**Data records**.

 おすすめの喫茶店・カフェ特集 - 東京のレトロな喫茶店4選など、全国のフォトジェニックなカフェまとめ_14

==

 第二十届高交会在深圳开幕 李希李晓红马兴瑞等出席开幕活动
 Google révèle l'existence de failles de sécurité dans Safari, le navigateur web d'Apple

---

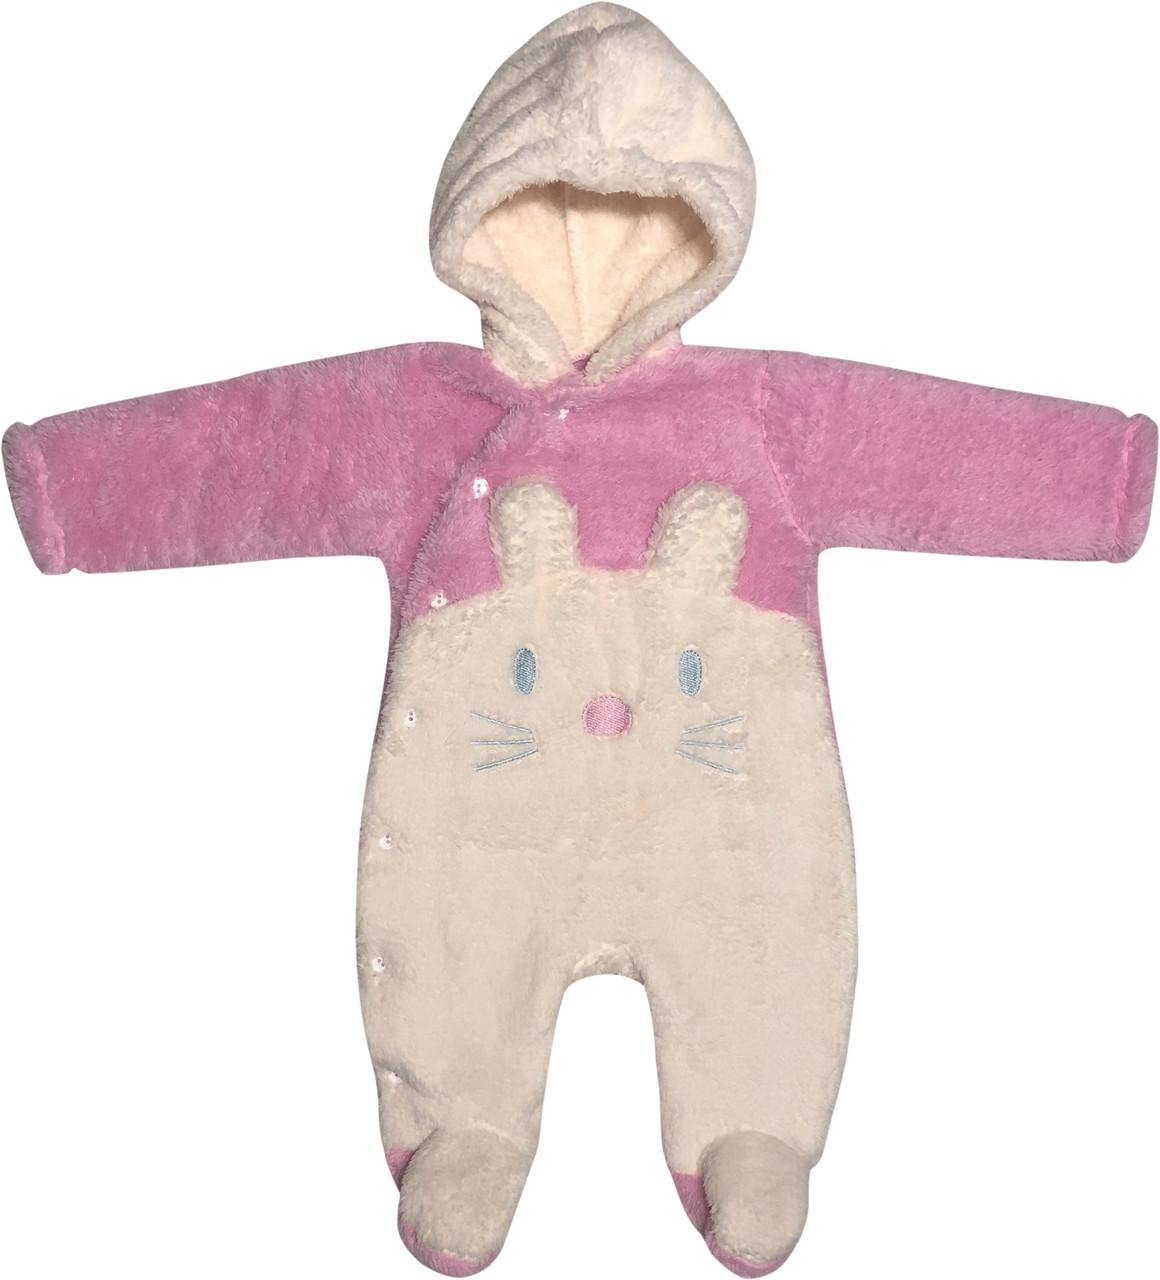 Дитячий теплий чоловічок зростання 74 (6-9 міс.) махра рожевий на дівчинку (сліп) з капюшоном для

**Assigned task**.
Look above for the line holding "第二十届高交会在深圳开幕 李希李晓红马兴瑞等出席开幕活动", then set down exactly that line and every line after it up to and including the line holding "Google révèle l'existence", with nothing else.

**Task response**.
 第二十届高交会在深圳开幕 李希李晓红马兴瑞等出席开幕活动
 Google révèle l'existence de failles de sécurité dans Safari, le navigateur web d'Apple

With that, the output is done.